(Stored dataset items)
* * * * * * * * *

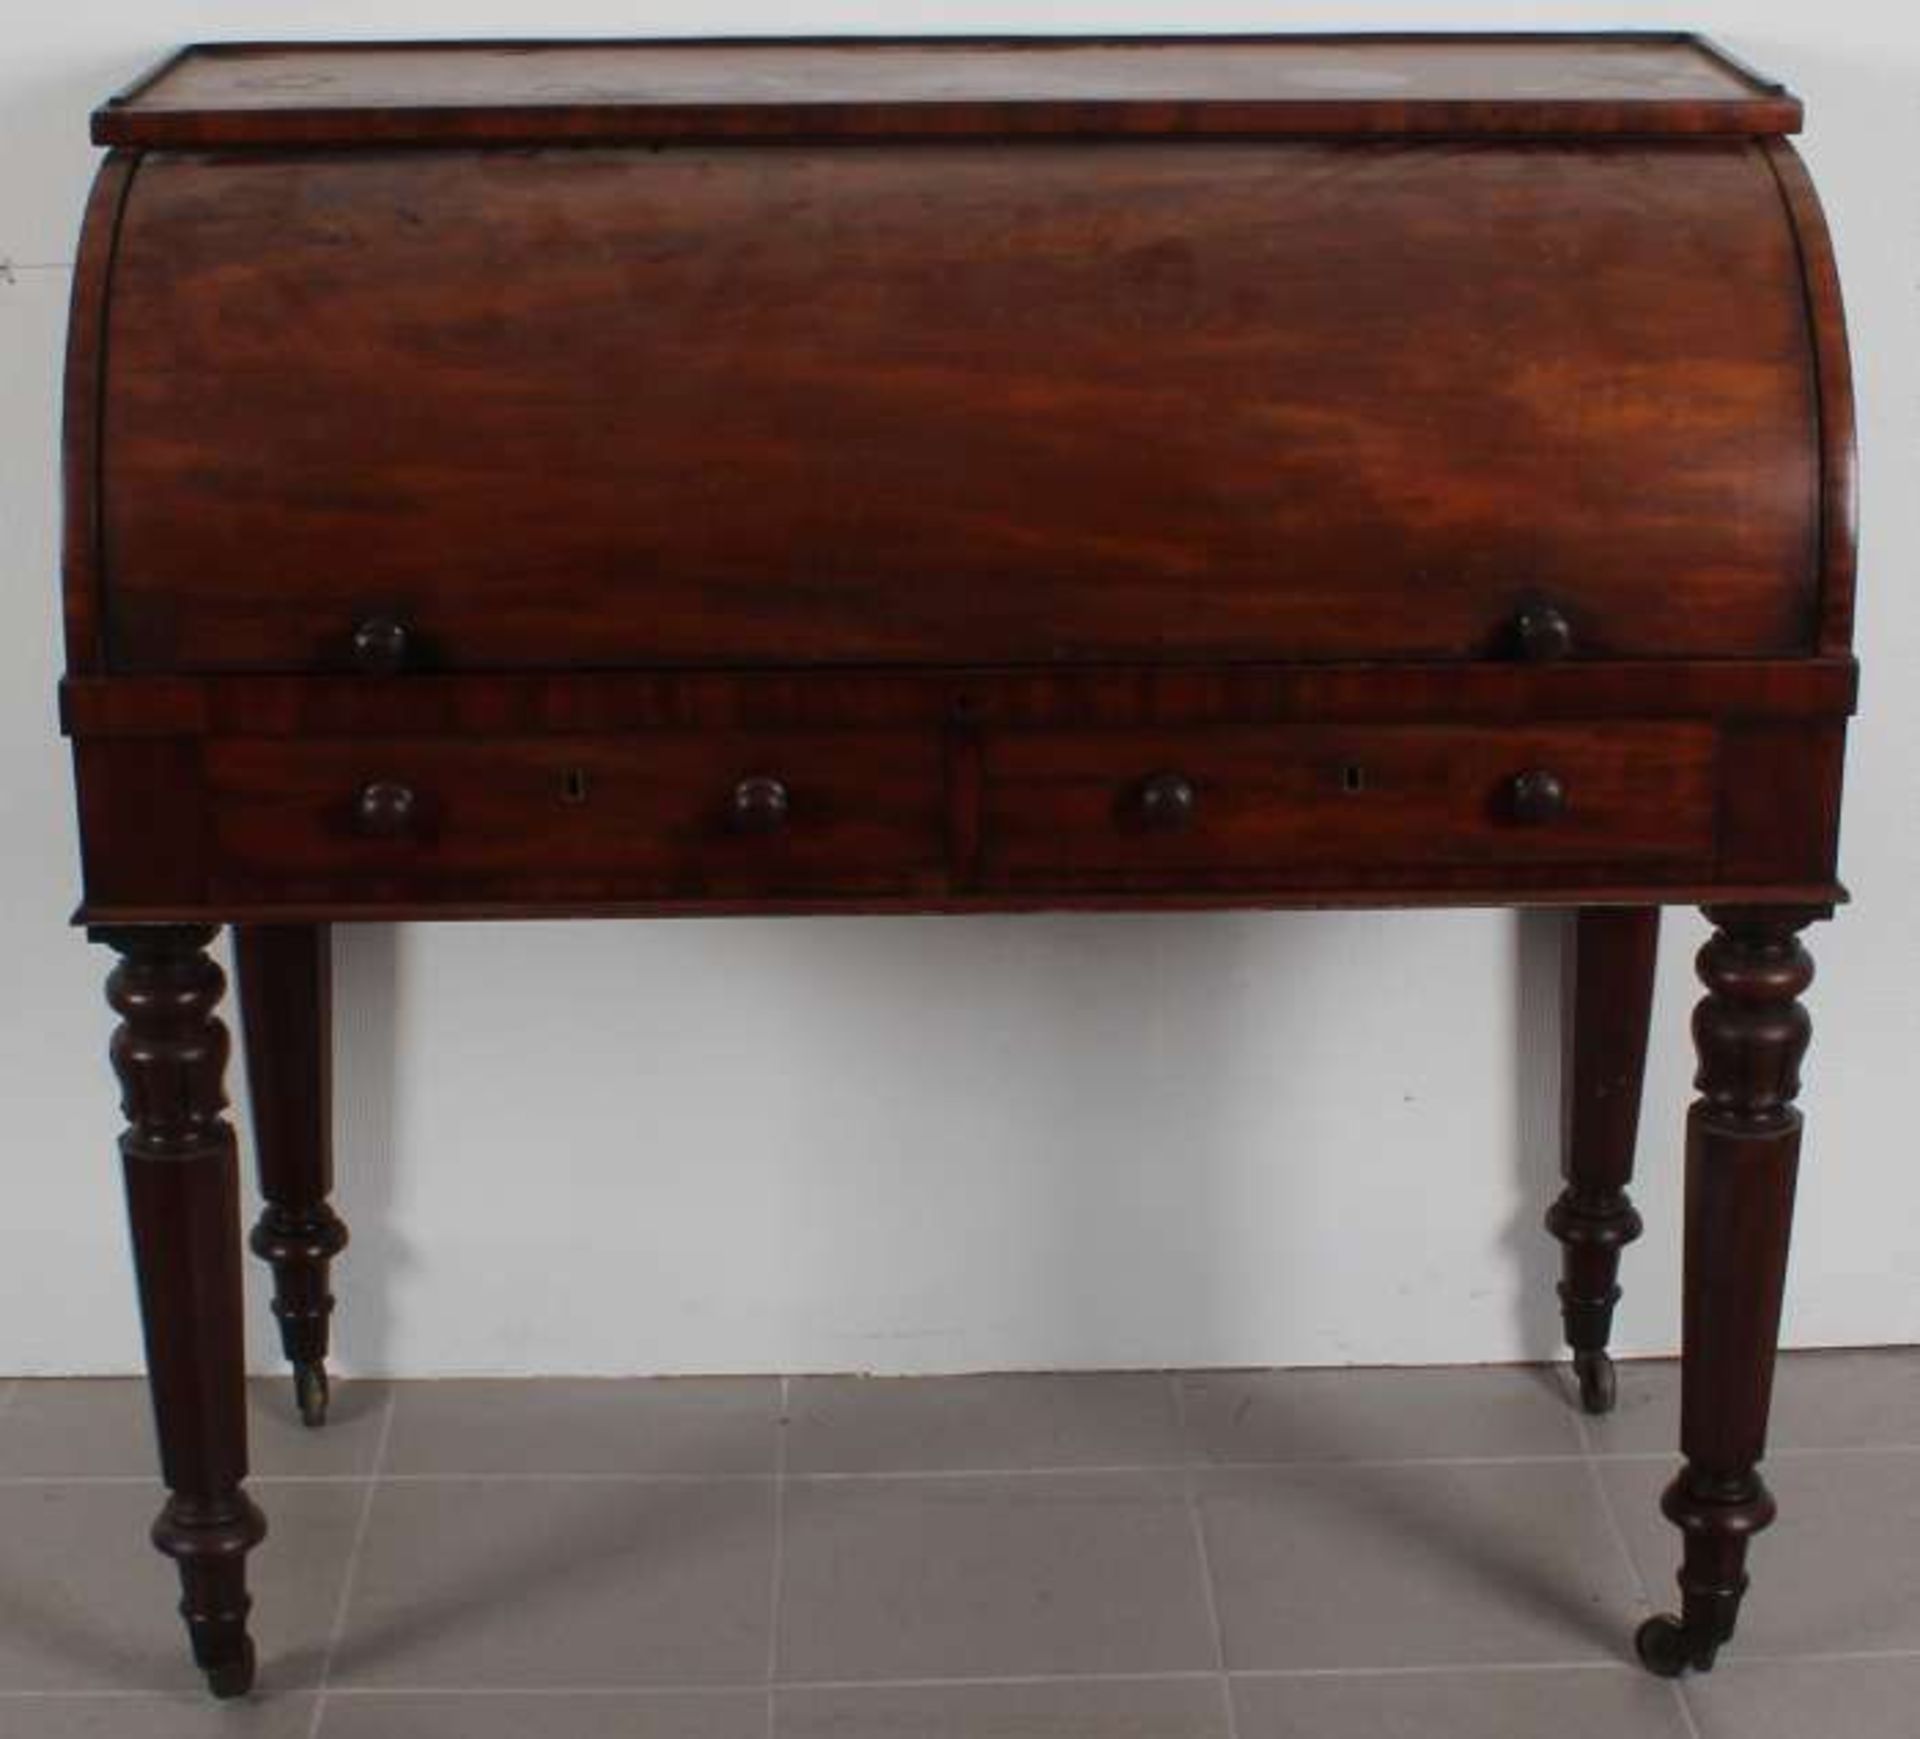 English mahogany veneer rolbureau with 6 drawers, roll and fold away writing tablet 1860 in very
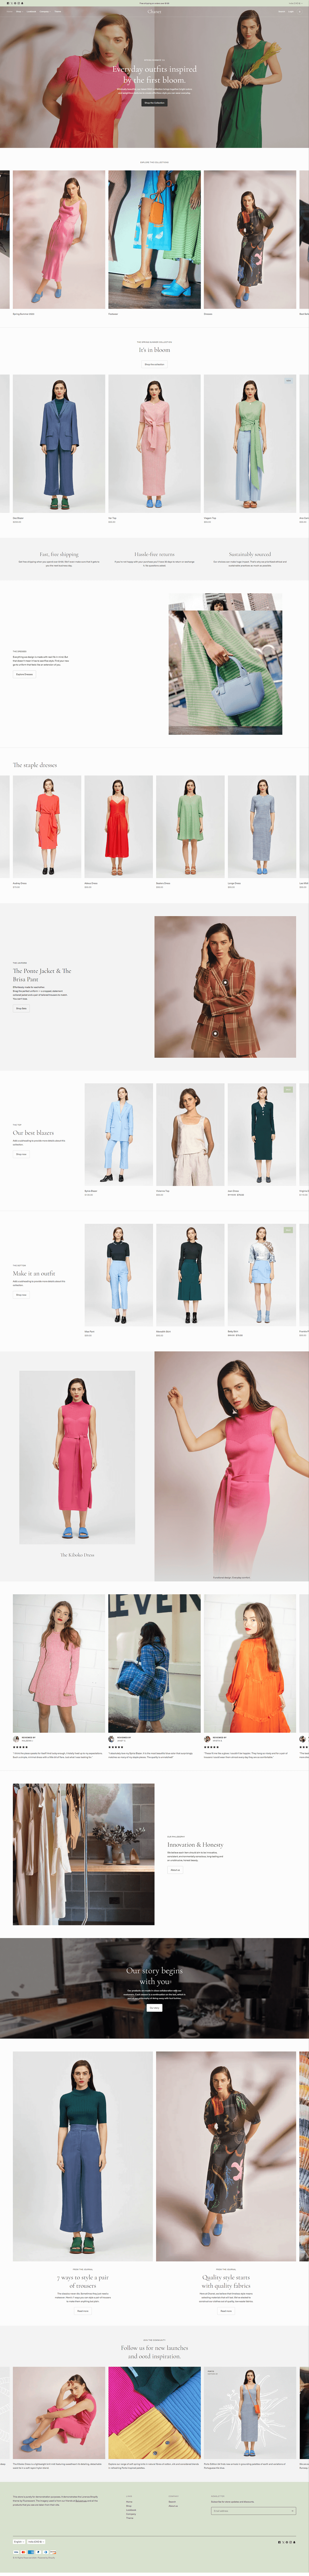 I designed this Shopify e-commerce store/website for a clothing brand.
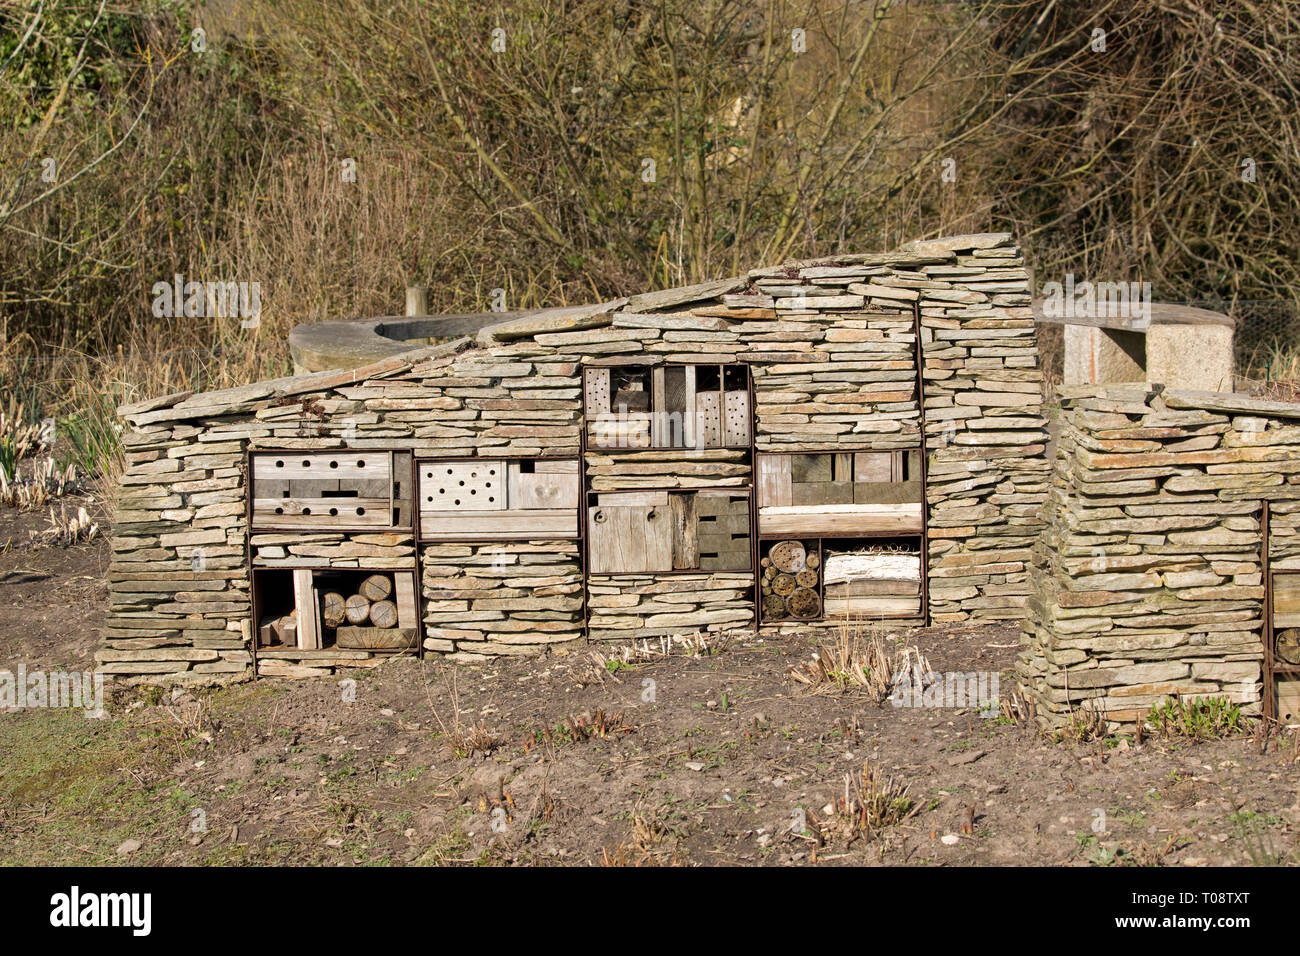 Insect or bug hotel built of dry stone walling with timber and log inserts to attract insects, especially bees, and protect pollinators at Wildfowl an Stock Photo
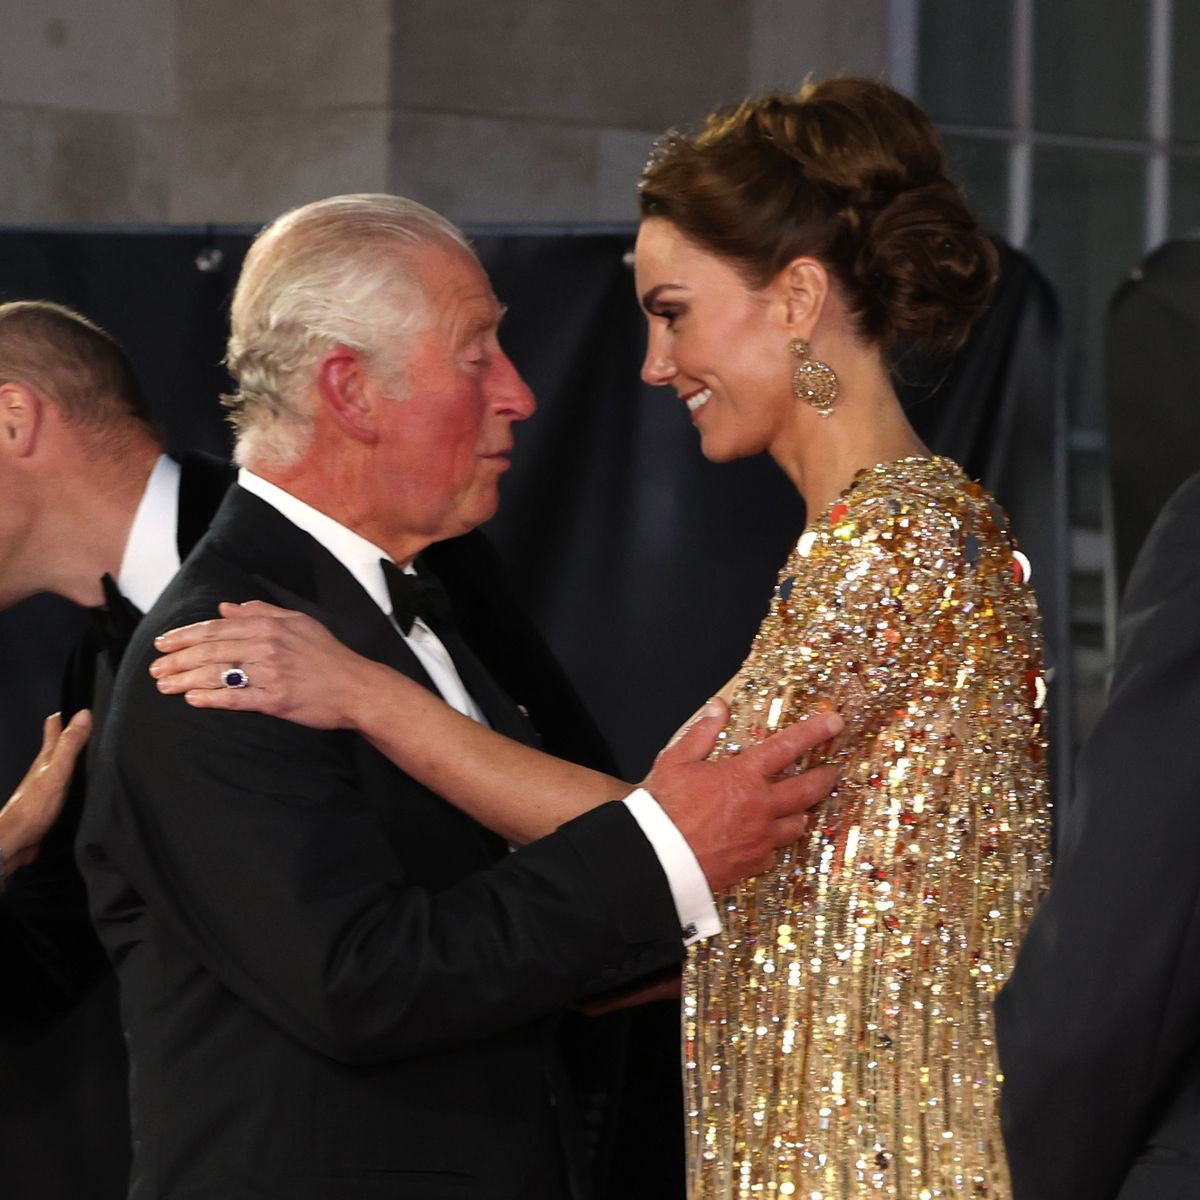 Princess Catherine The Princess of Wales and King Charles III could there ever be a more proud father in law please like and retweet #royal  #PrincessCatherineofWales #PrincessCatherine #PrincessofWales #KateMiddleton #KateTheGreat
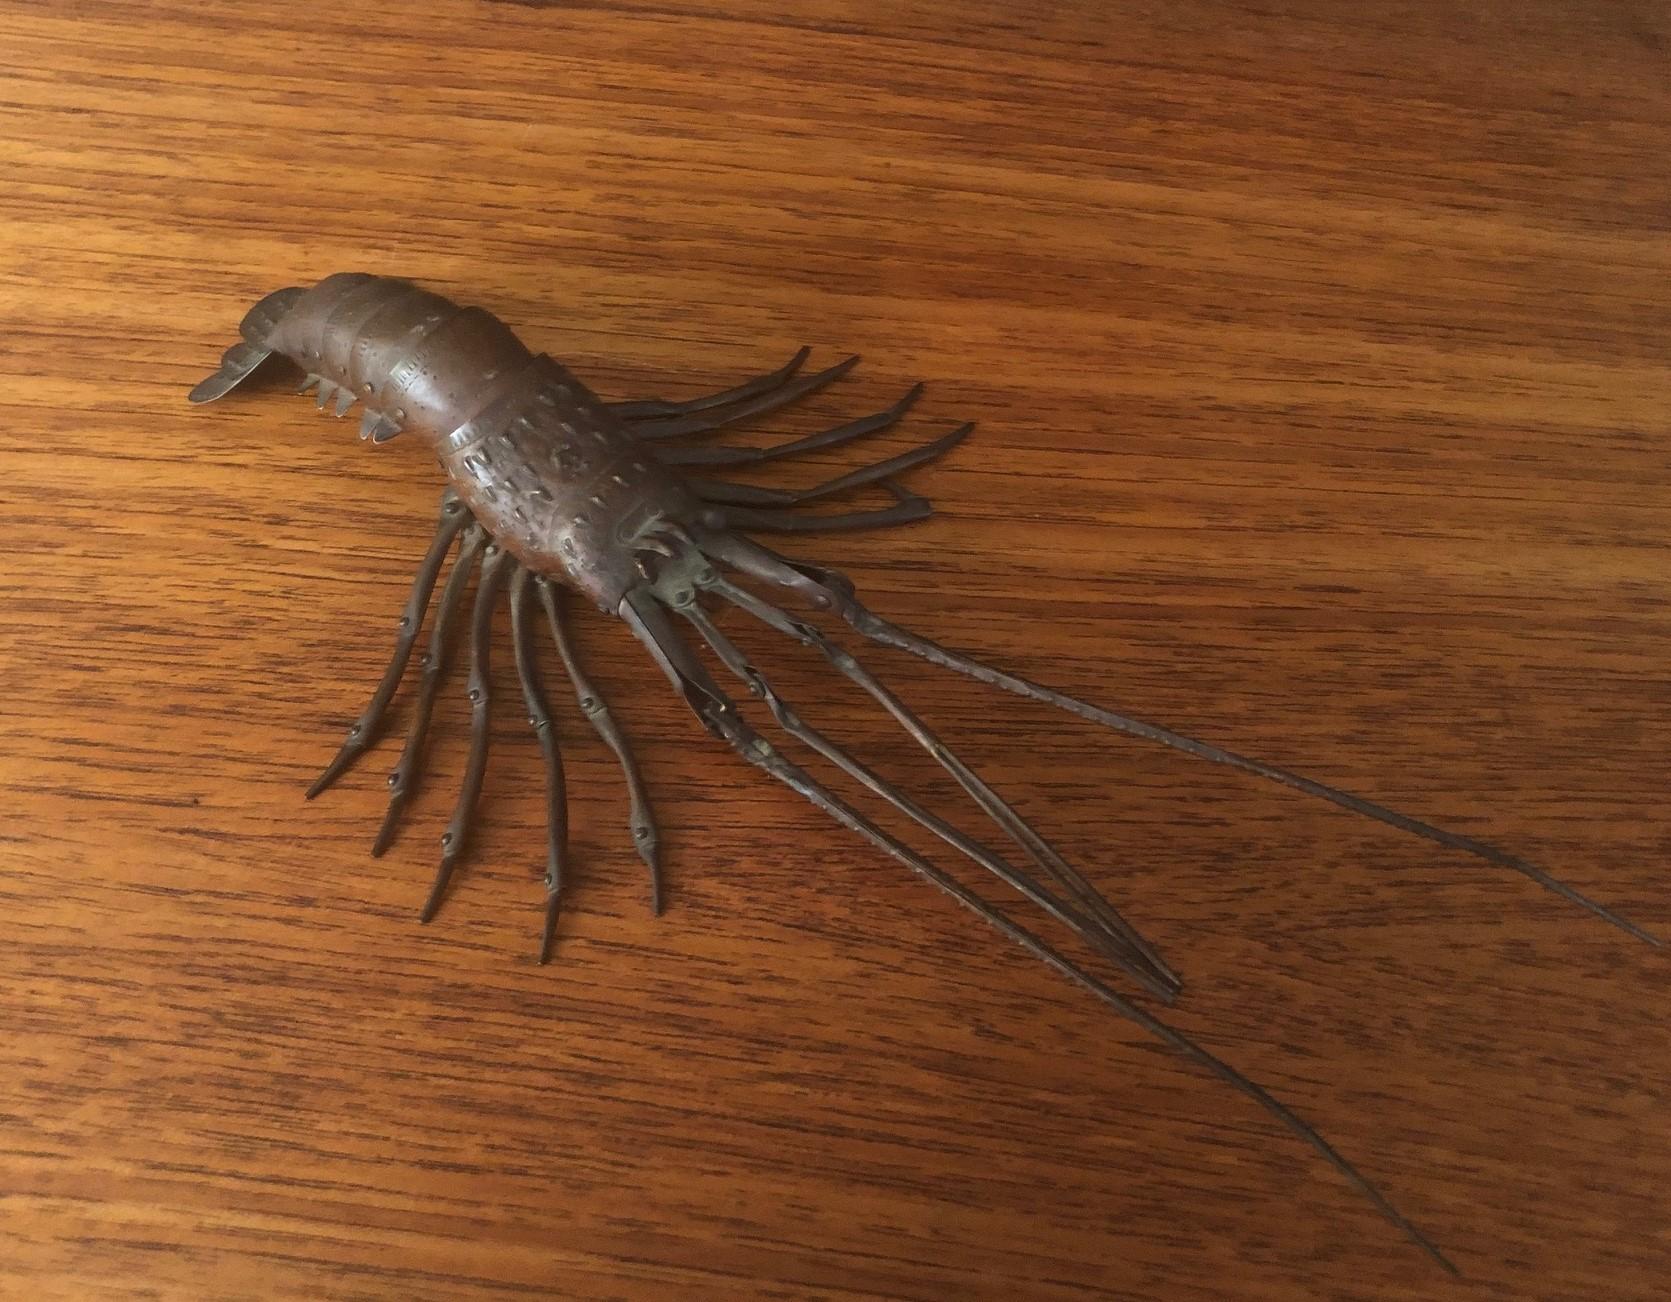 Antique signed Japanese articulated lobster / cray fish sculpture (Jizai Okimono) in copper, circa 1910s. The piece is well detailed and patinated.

* * * * * * * * *

● Work to complete
Make a word-for-word copy of the entries, without any pictures.

● Final answer
 English mahogany veneer rolbureau with 6 drawers, roll and fold away writing tablet 1860 in very
 I designed this Shopify e-commerce store/website for a clothing brand.
 Insect or bug hotel built of dry stone walling with timber and log inserts to attract insects, especially bees, and protect pollinators at Wildfowl an Stock Photo
 Princess Catherine The Princess of Wales and King Charles III could there ever be a more proud father in law please like and retweet #royal  #PrincessCatherineofWales #PrincessCatherine #PrincessofWales #KateMiddleton #KateTheGreat
 Antique signed Japanese articulated lobster / cray fish sculpture (Jizai Okimono) in copper, circa 1910s. The piece is well detailed and patinated.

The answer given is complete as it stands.